Here it is – potentially the wildest road car ride ever on New Zealand roads. Assuming, that is, a certain well-known Aston Martin fan takes the plunge.
IS this the car fit for a Kiwi race track magnate and lolly king?
Aston Martin’s incredible hypercar, co-developed with the Red Bull Racing team, has been revealed in virtual turn-key form at the Geneva motor show.
Along with the glam unveiling comes reaffirmation that first dib clients for what has now been officially named Valkyrie will be those brand fans who have already invested into its previous performance opus, the Aston Martin Vulcan.
That select group includes Scotland-born Tony Quinn, the motor-racing mad multi-millionaire who after having made his considerable fortune in Australia now largely calls New Zealand home, with a residence near the Highlands Motorsport Park track, a sister circuit to the Hampton Downs facility an hour south of Auckland.
His family also operates a sweet-making business, bought after they divested interest in the fortune-making pet food empire they created in Australia.
Quinn has previously expressed ‘yeah-nah-maybe’ thinking in respect to owning a Valkyrie.
That admission – and, some might say, astounding ambivalence - toward a car whose limited build run of 150 units has already been massively over-subscribed came after what has, until the name was announced yesterday, has been called the AM-RB 001 was revealed on July 7 last year.

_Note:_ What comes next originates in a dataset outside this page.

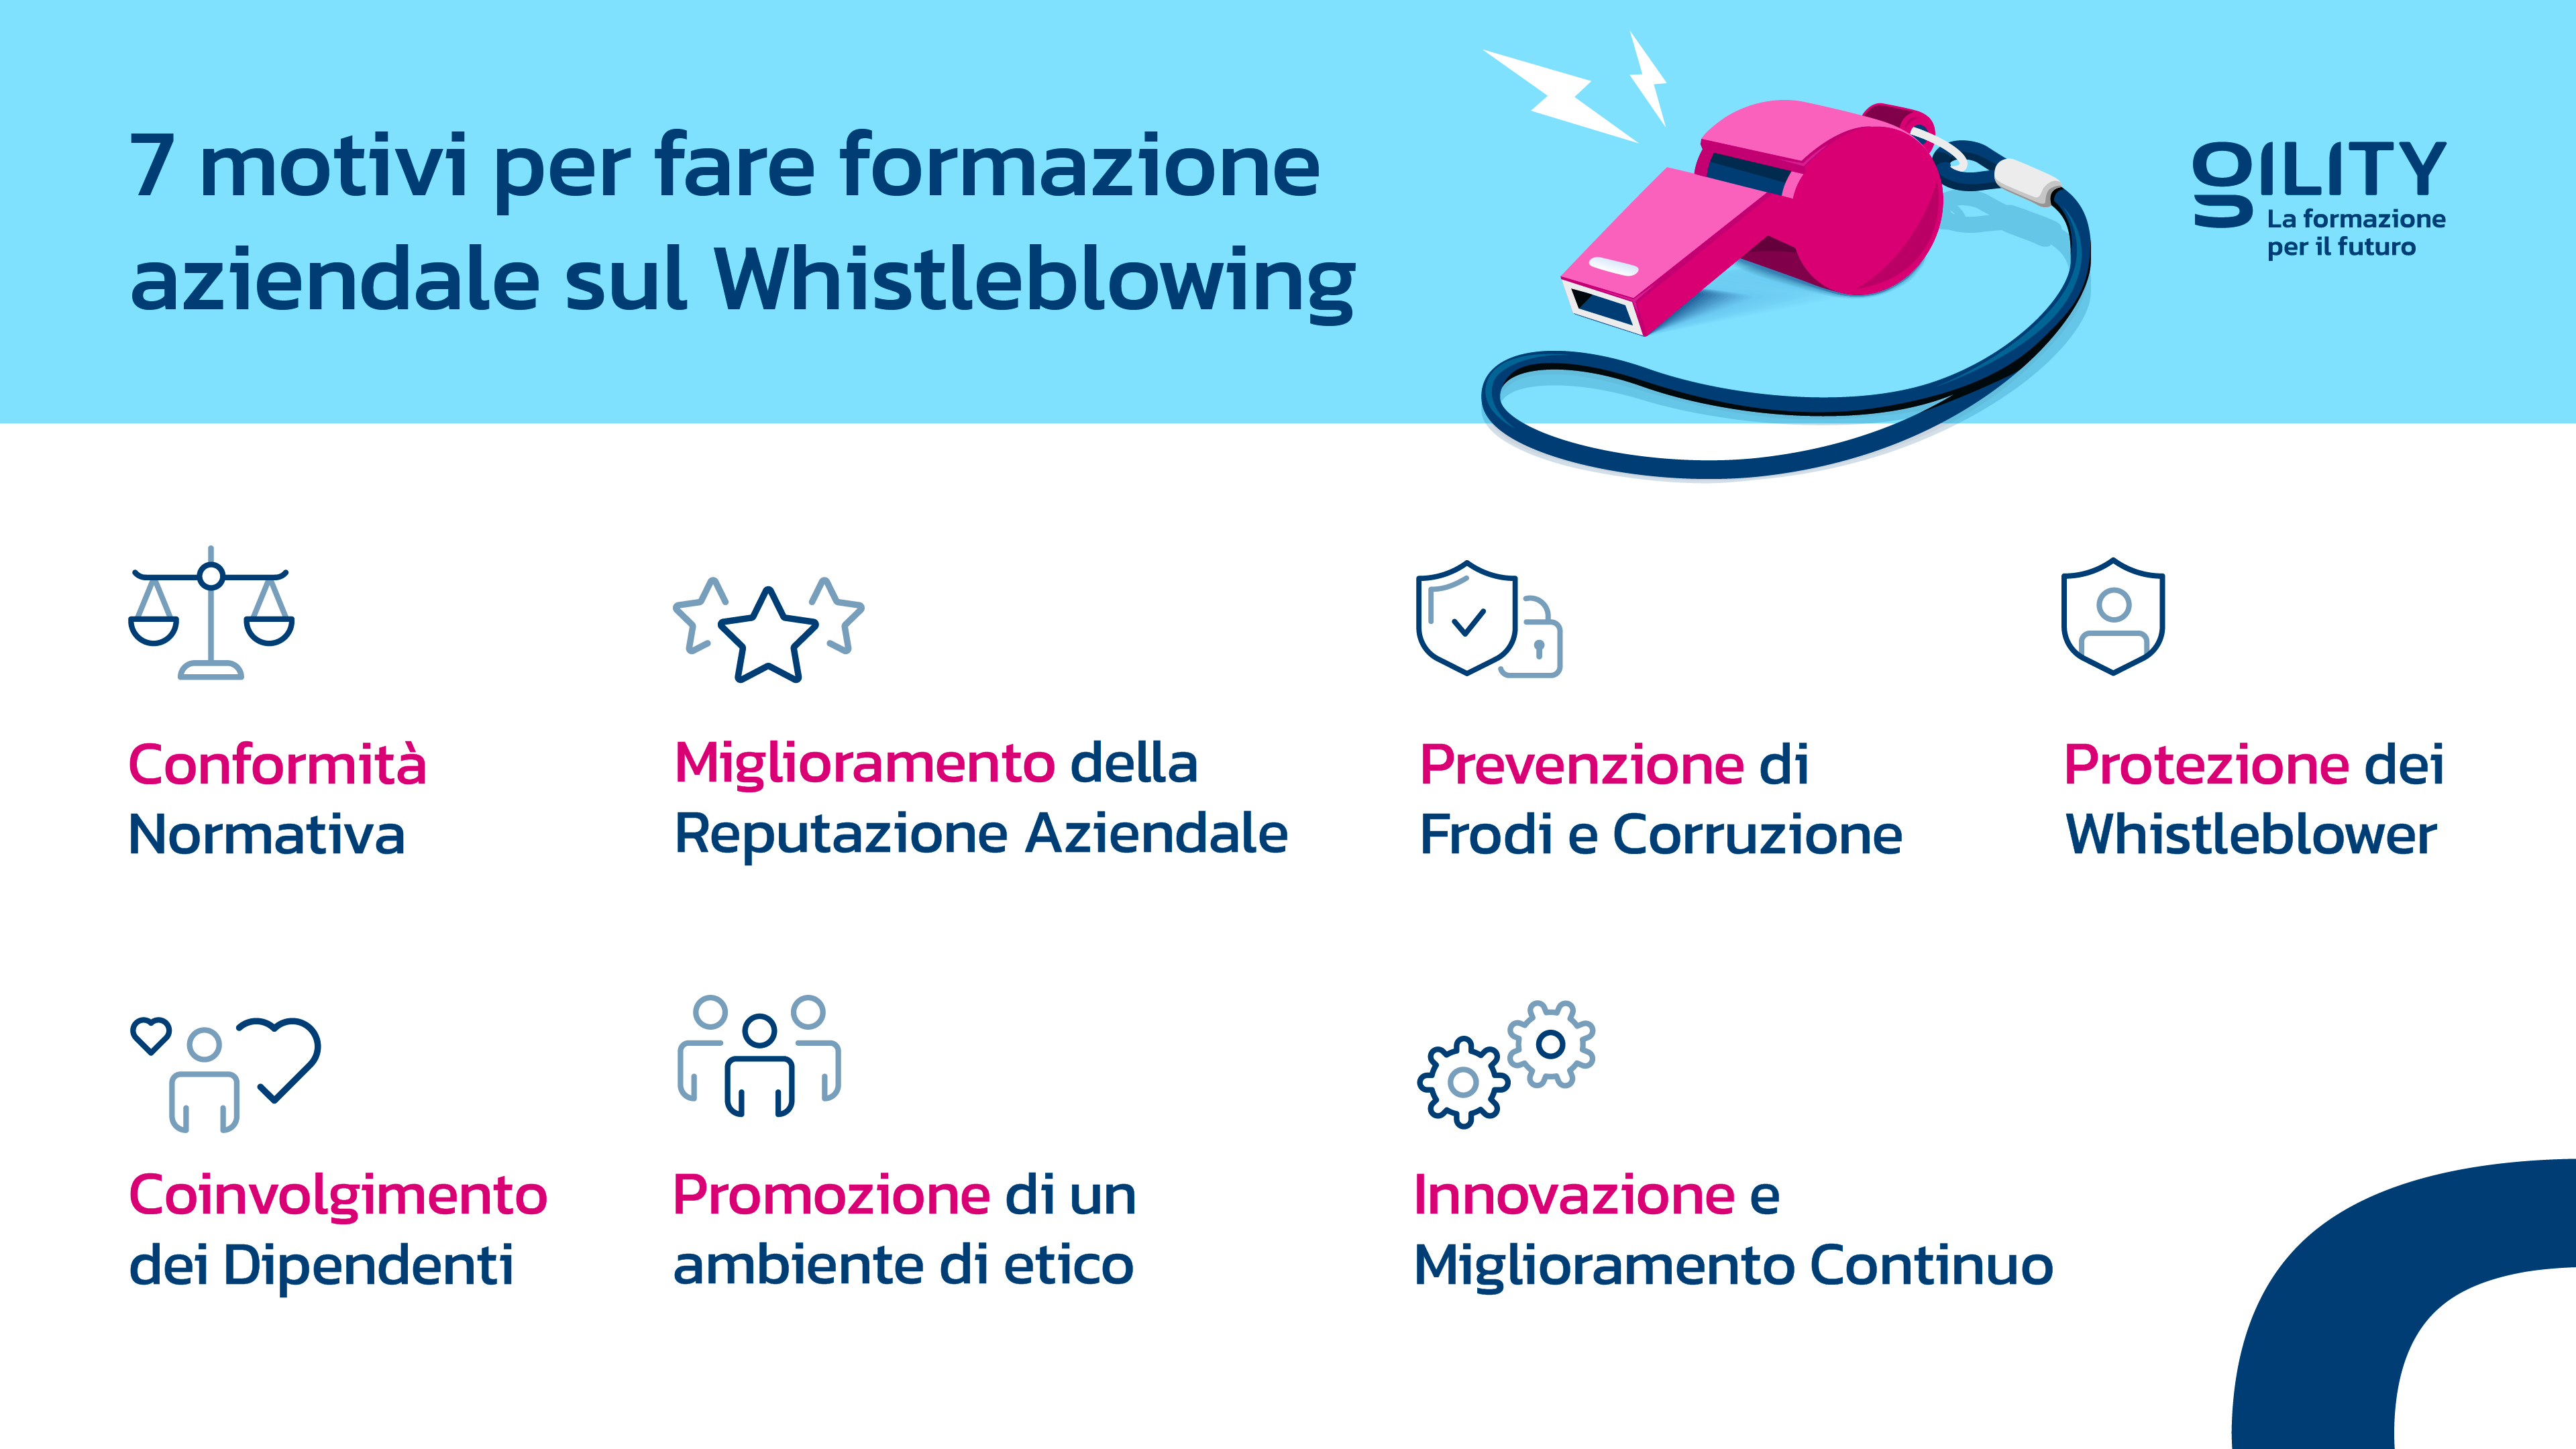 Infografica di Gility che elenca 7 benefici della formazione sul whistleblowing per le aziende.

As one of the world’s 24 Vulcan owners, he has preferred status for a machine co-shaped by the world’s most successful F1 designer of the modern era, Adrian Newey. And maybe, now that’s it fully out in the open, in all its exotic materials’ glory, he might want to show more enthusiasm.
The Valkyrie will be powered by a naturally-aspirated V12 engine designed by racing specialists Cosworth, supported by an electric motor to create a 1:1 power-to-weight ratio.
Whereas the Vulcan is purely for the track, Valkyrie is designed to be used on the road – notwithstanding that, of the 150 units to be built, 25 will be outfitted as track specials. Quinn has suggested that, if he does buy one – and he has a few months yet to decide - it’ll be in road tune, though he admits that won’t make it any easier to keep out of trouble if he did take it for a drive.
Fair enough. Valkyrie is intended to be the ultimate road car, competing against the likes of the Ferrari LaFerrari, Porsche 918 Spyder and McLaren P1 in a hypercar battle. The company's stated goal is for the track-only version to be as quick as a Le Mans prototype.
Although final performance figures and pricing has yet to be announced, it will also be way faster and more expensive than the 260kmh, $4.5 million Vulcan.
Meantime, Quinn’s Vulcan – the sole example in the Southern Hemisphere – has been out and about of late. A car that mainly resides at Highlands appears now to be on a tour of Australia, with display at big motor-racing events; most recently last weekend’s Clipsal 500 at Adelaide.
When Vulcan arrived 18 months ago, Aston Martin went big espousing the incredible performance, amazing technology and exotic construction as being world-leading.
But it did so with two fingers behind its back, knowing that something under development within the brand’s skunkworks was set to take this crown: A car some are predicting will be known as the greatest car Aston Martin will ever make.
Anyone with knowledge of their ancient gods will know Vulcan as the Roman god of fire. Valkyrie, on the other hand, comes from Norse mythology. It literally means “chooser of the slain.” In battle, valkyries are Odin’s handmaidens who chose which warriors live and die and bring some of the fallen to the afterlife in Odin’s Valhalla.
“This is about female power. It’s being chosen. It’s the ultimate honour,” Marek Reichman, Aston Martin’s chief creative officer, said this week. “That’s the name we’ve decided to give to the 001.”
The first question for the marketing team was whether the AM-RB 001 should even have a V-name. These days, the company has two naming conventions: Vs and alphanumerics and there was a lot of support for maintaining the initial tag.
After all, another million-dollar Aston — the One-77 — kept its internal prototype name after it became part of the customer lexicon. But in the end, Valkyrie had to have a V because those are the nameplates given to Aston’s highest performance cars.
Various members of the company’s marketing and executive teams sat around in conference rooms, filling whiteboards with possible names; the shortlist came down to three – Valkyrie and two others that Reichman will not disclose.